Cryptic transcription is a phenomenon that interferes with normal cellular processes. Normal gene transcription is the first step in the production of proteins. It begins in a specific location on the DNA called the promoter. This is where the protein-coding gene begins to be transcribed into RNA, which is eventually translated into protein. Gene transcription is a well-regulated cellular process, but as cells age, they lose their ability to control it.

“Promoters have a specific DNA sequence that identifies the starting point of the transcription process that is usually located preceding the actual protein-coding sequence,” explained Dang. “But promoter look-alike sequences do exist in other locations, including along the actual protein-coding sequence, and they could start transcription and generate shorter transcripts, called cryptic transcripts. Here we investigated whether cryptic transcription increased with age in mammals and potential mechanisms involved in this phenomenon.”

The team worked with mammalian stem cells, which have been shown to play a significant role in aging. They adopted a method to detect cryptic transcription to determine the level of this transcription in mice and human stem cells, and cultured cells. When compared to young stem cells, older ones indeed had increased cryptic transcription. They also looked into other aging cells and found that, in the majority of cells spanning a range of tissues, cryptic transcription was also elevated with age.

“Altogether, our findings indicate that elevated cryptic transcription is a hallmark of mammalian aging,” Dang said.

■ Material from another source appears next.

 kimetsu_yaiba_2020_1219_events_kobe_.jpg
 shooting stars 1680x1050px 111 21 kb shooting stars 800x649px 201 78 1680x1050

“It is still not clear how elevated cryptic transcription contributes to aging, but the evidence is accumulating that it is detrimental to mammals as it is for yeast and worms,” Dang said. “Future studies may result in ways of reduce the pro-aging effects of cryptic transcription.”

If, as Dang says, researchers can find ways to reduce or inhibit cryptic transcription, it could open up drugs or other treatment methodologies that could profoundly increase human lifespan and/or healthspan.